Por outro lado, tenho uma gratidão ao tempo, porque nos permitiu a oportunidade de jantar todos os dias com nossas filhas. O jantar se tornou um espaço filosófico e muitas vezes teológico, com uma, duas horas de diálogo e reflexão. Nesse ambiente, nossas filhas nos tornaram pessoas sensíveis, reflexivas, atenciosas e propositivas, porque exigiu que compreendêssemos suas necessidades, suas angústias e suas incertezas.   

 

RV NSA: A pobreza é um problema de ação coletiva? Porque quem poderia resolver não o faz?

elton: Em primeiro lugar, se a pobreza é um problema coletivo, não se pode delegar responsabilidade para os outros. Todos somos responsáveis pela sua superação. Alguns têm responsabilidade maiores. Portanto, precisam ser cobradas por atitudes mais arrojadas. Os gestores públicos precisam dar conta de maiores responsabilidades, de políticas públicas de atendimento emergencial, de educação, de inclusão produtiva e de garantia de direitos. Mas, todos têm sua parcela de responsabilidade e necessária contribuição. Reitero que superar a pobreza não é saciar a fome. A vulnerabilidade social é resultado de uma série de direitos suprimidos e necessidades não satisfeitas. É necessário conhecer em profundidade as razões da pobreza e estabelecer a relação de ajuda para superá-la, a partir das condicionantes que a provocam.

 

RV NSA: Já foi apresentado algum projeto ao Governo Federal, nesse sentido?  

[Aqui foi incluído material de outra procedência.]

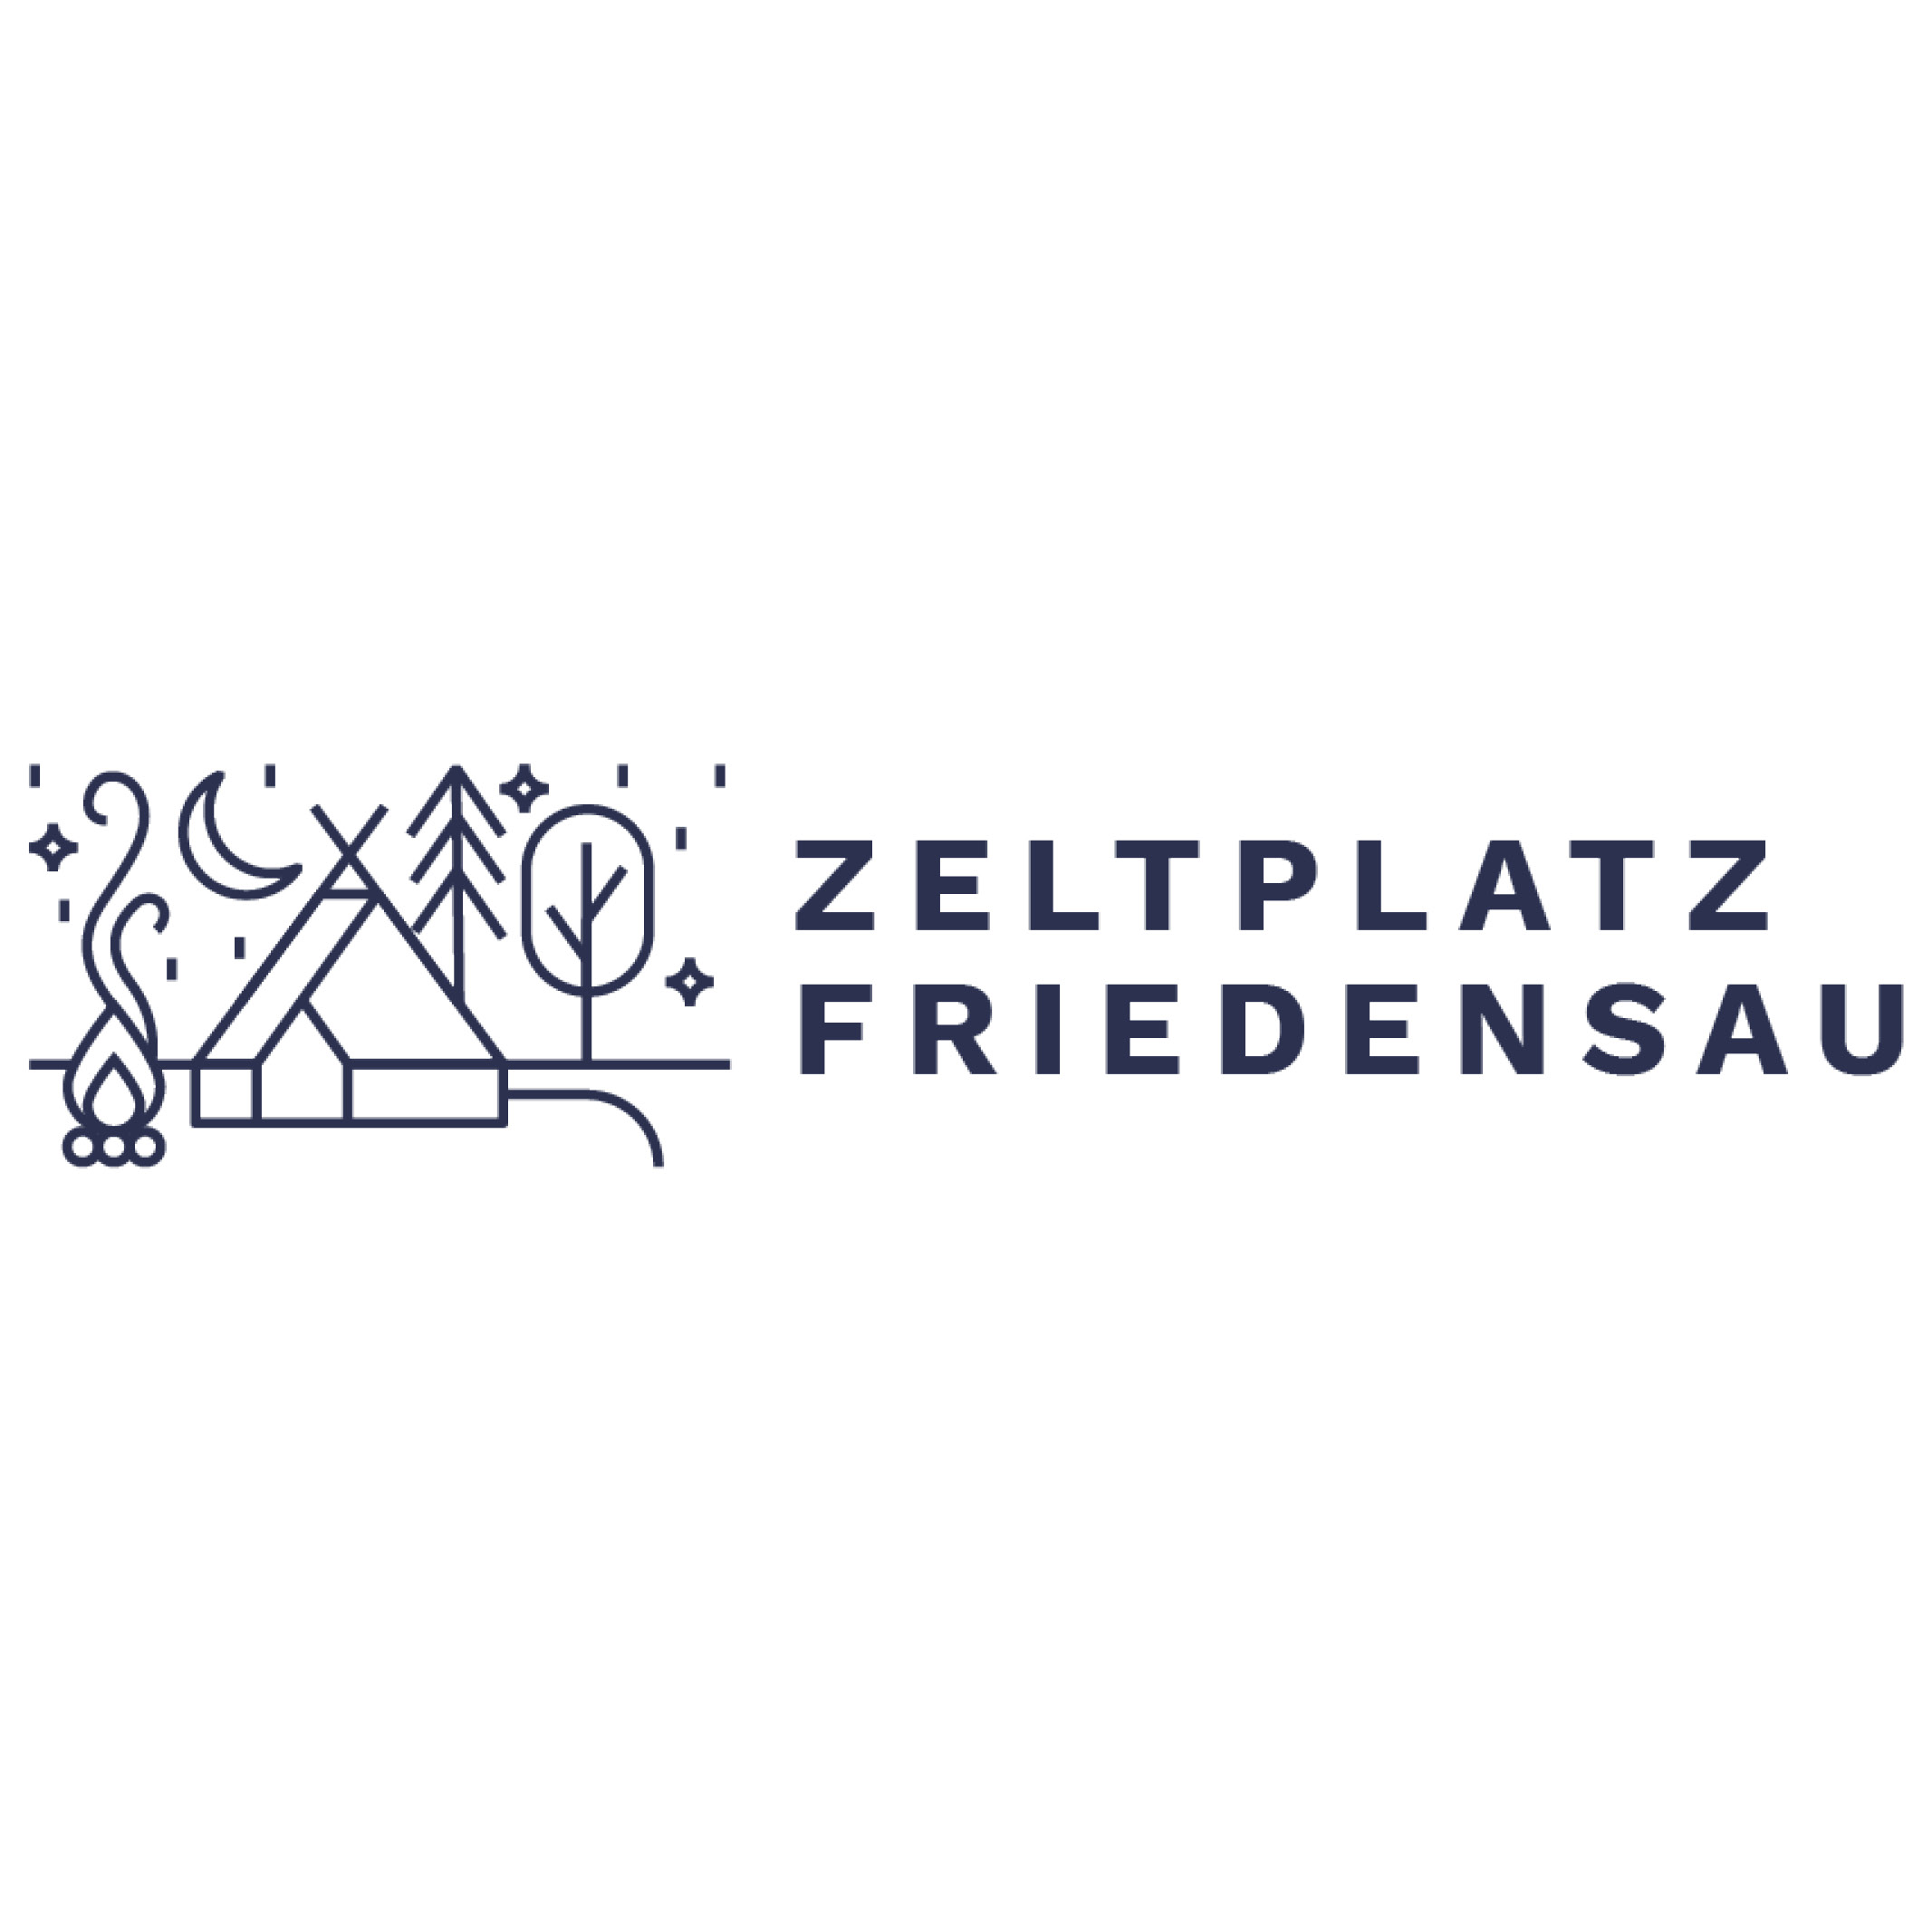 Zeltplatz Friedensau

elton: O Sistema Único da Assistência Social tem uma dinâmica muito importante. A política pública para a área social é resultado de um grande processo de participação da sociedade na proposição e no controle das ações governamentais determinado pela Lei Orgânica da Assistência Social. As conferências de assistência social que começam nos municípios e culminam com o processo assemblear nacional já definiram inúmeras proposições.

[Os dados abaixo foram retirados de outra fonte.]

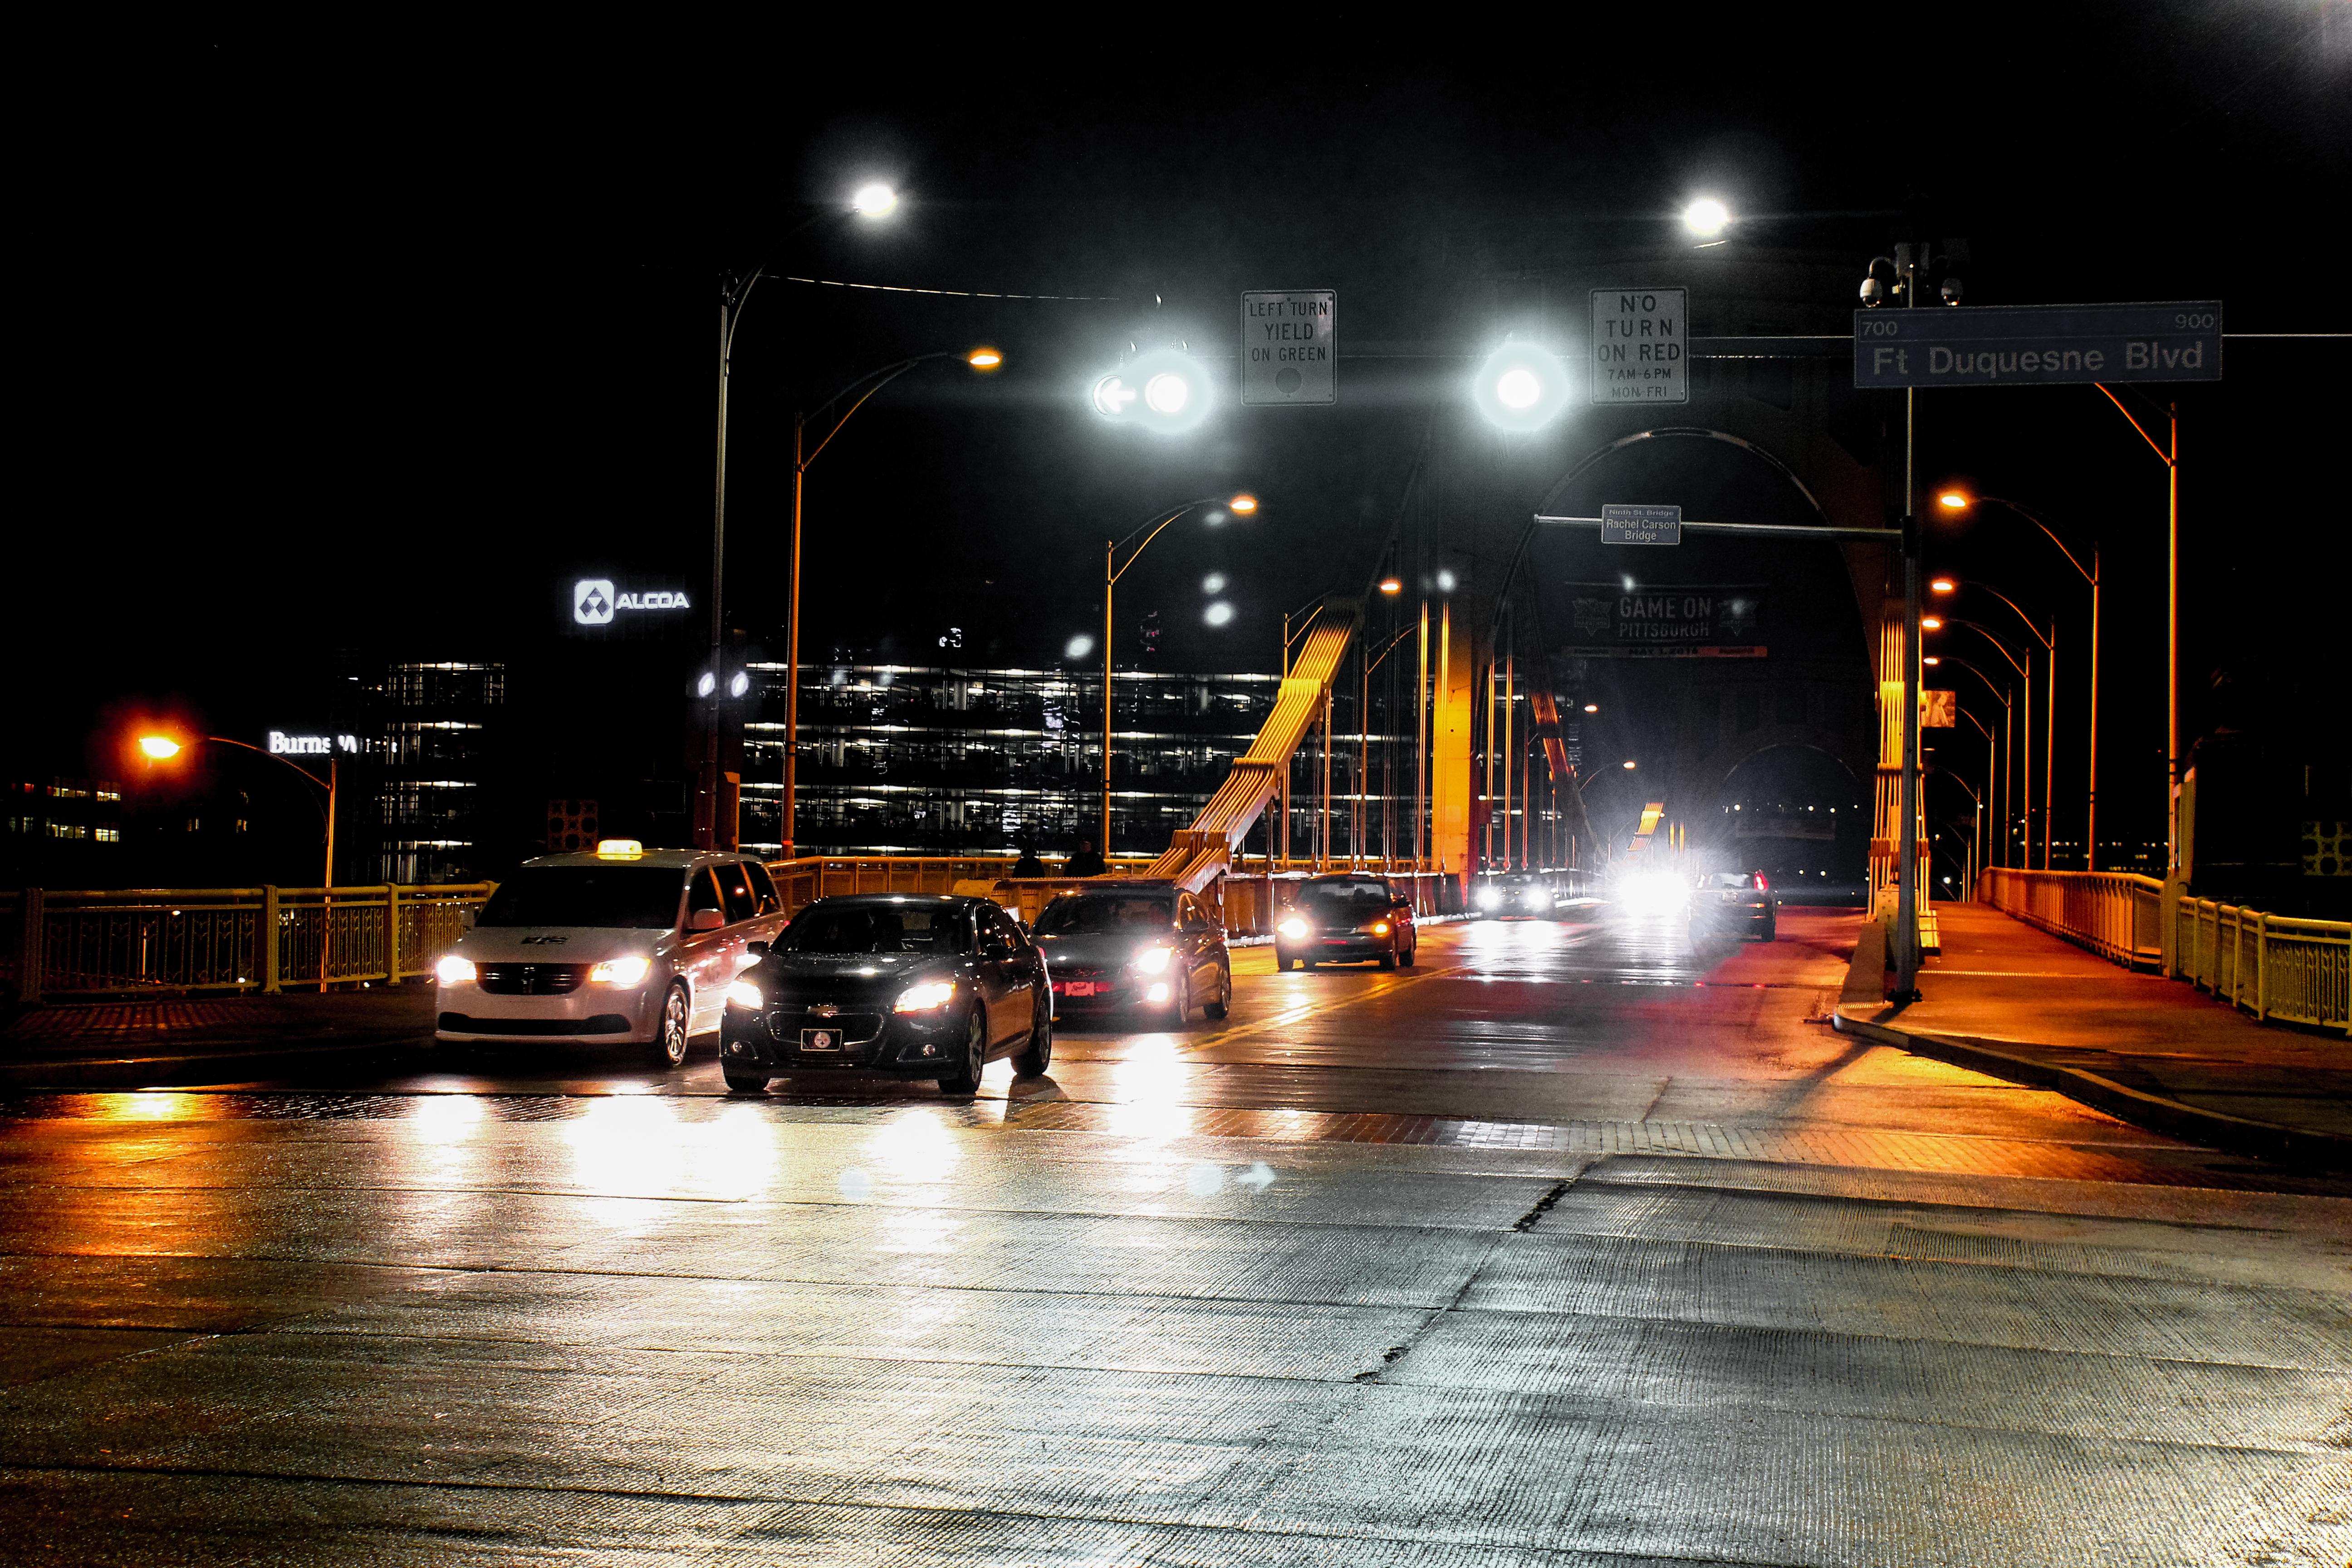 Gambar Cahaya Jembatan Pemandangan Kota Kegelapan Lampu Jalan

Ou seja, definições não faltam. Enfrentamos um problema que é de concepção política. Nos últimos anos, os governos têm esvaziado os processos de participação da população e os programas e estruturas de controle público. Proposições são abundantes na política pública, mas os governos têm se desresponsabilizado e têm sido inoperantes na execução das determinações que asseguram os direitos fundamentais da população, sobretudo a que se encontra numa situação de vulnerabilidade. Ou, adotando atitudes como a de um prefeito gaúcho, quando abordado para a adoção de uma política de acolhimento e atendimento aos migrantes, que manifestou: “isso é coisa para a caridade da Igreja Católica fazer”. 

 

RV NSA: Você esteve recentemente em um Congresso Nacional tratando especificamente de moradores de rua. Há novas propostas?

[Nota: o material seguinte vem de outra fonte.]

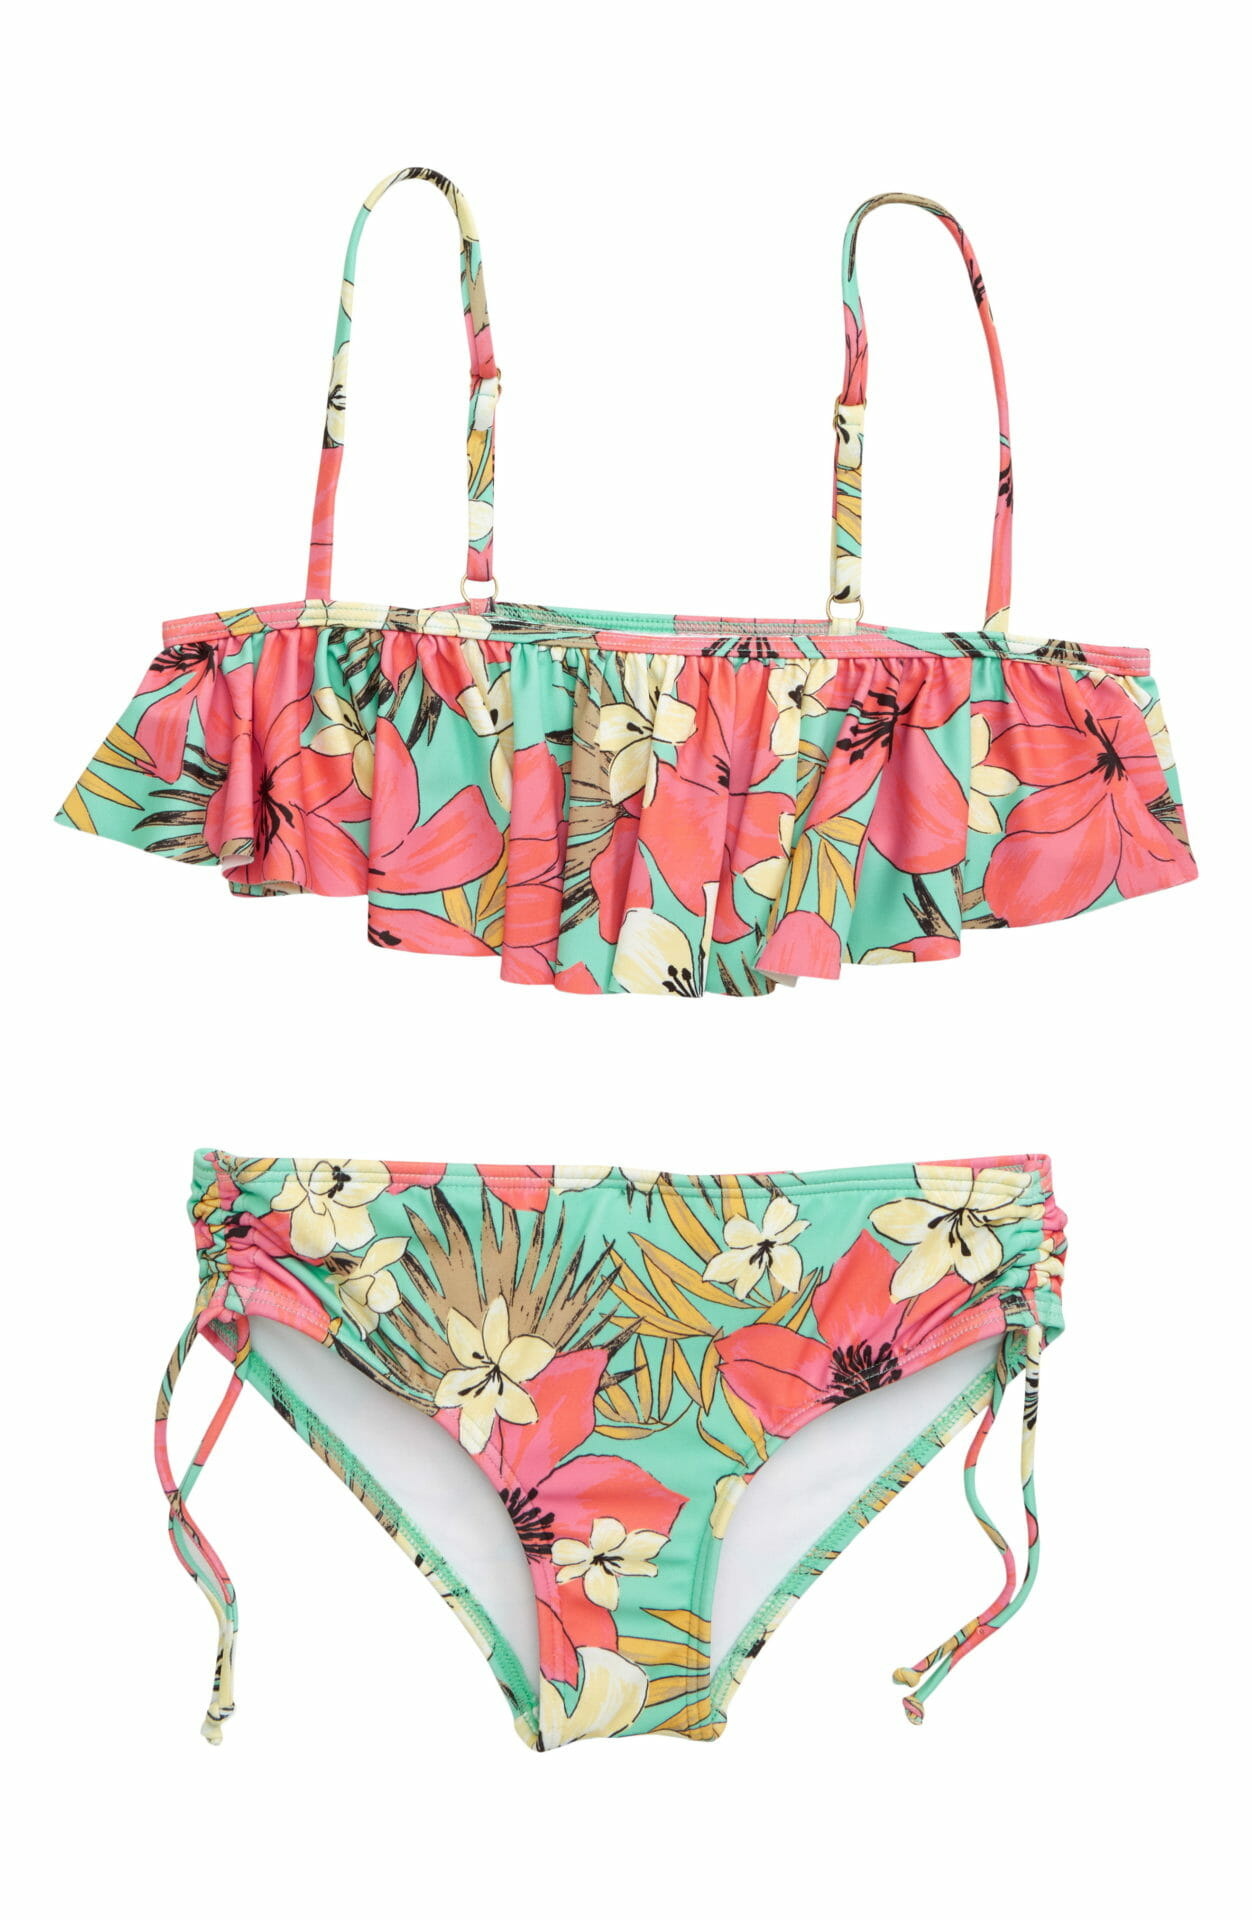 BILLABONG Aloha Sun Flutter Two-Piece Swimsuit, Main, color, MO-MINT

elton: A Igreja Católica e outras iniciativas de Organizações da Sociedade Civil realizam um grande trabalho em todo o Brasil. A Pastoral do Povo da Rua é uma inspiração divina da CNBB que está se fortalecendo e disseminando organização do atendimento pastoral em todo o país. A metodologia da pastoral contempla o atendimento emergencial, o cuidado das necessidades básicas, da superação da dependência química, mas também atua numa dinâmica de incidência política para a implementação de políticas públicas, com programas e projetos que cuidem da assistência em saúde, do acesso à habitação, de programas de qualificação, de fomento a projetos de empreendimentos autogestionários e de reinserção no mercado de trabalho. Acredito muito nas parcerias entre as organizações da Igreja e as OSCs com os governos. Aqui em Porto Alegre temos a política pública do Ação Rua, uma parceria para abordagem de rua em conexão com a rede de proteção social básica e atendimento especializado. Quase todas as entidades executoras dessa política são organizações da Igreja Católica, que promovem um atendimento humanizado. Esse é um modelo capaz de promover atendimento de qualidade e iniciar um processo de superação da condição de rua. 

 

RV NSA: Que mensagem você deixaria aos nossos leitores quanto ao ‘olhar para os pobres’?

elton: A pessoa em situação de rua não é alguém digno de pena. Ela é um sujeito de direitos, que precisa ser compreendido, reconhecido e amado. O Cícero, o Português, o Beiço, a Eliane, o Nilson... nos ensinam com suas histórias de vida e superação muito mais que as teses acadêmicas e as bibliografias que tentam interpretar o fenômeno da população de rua.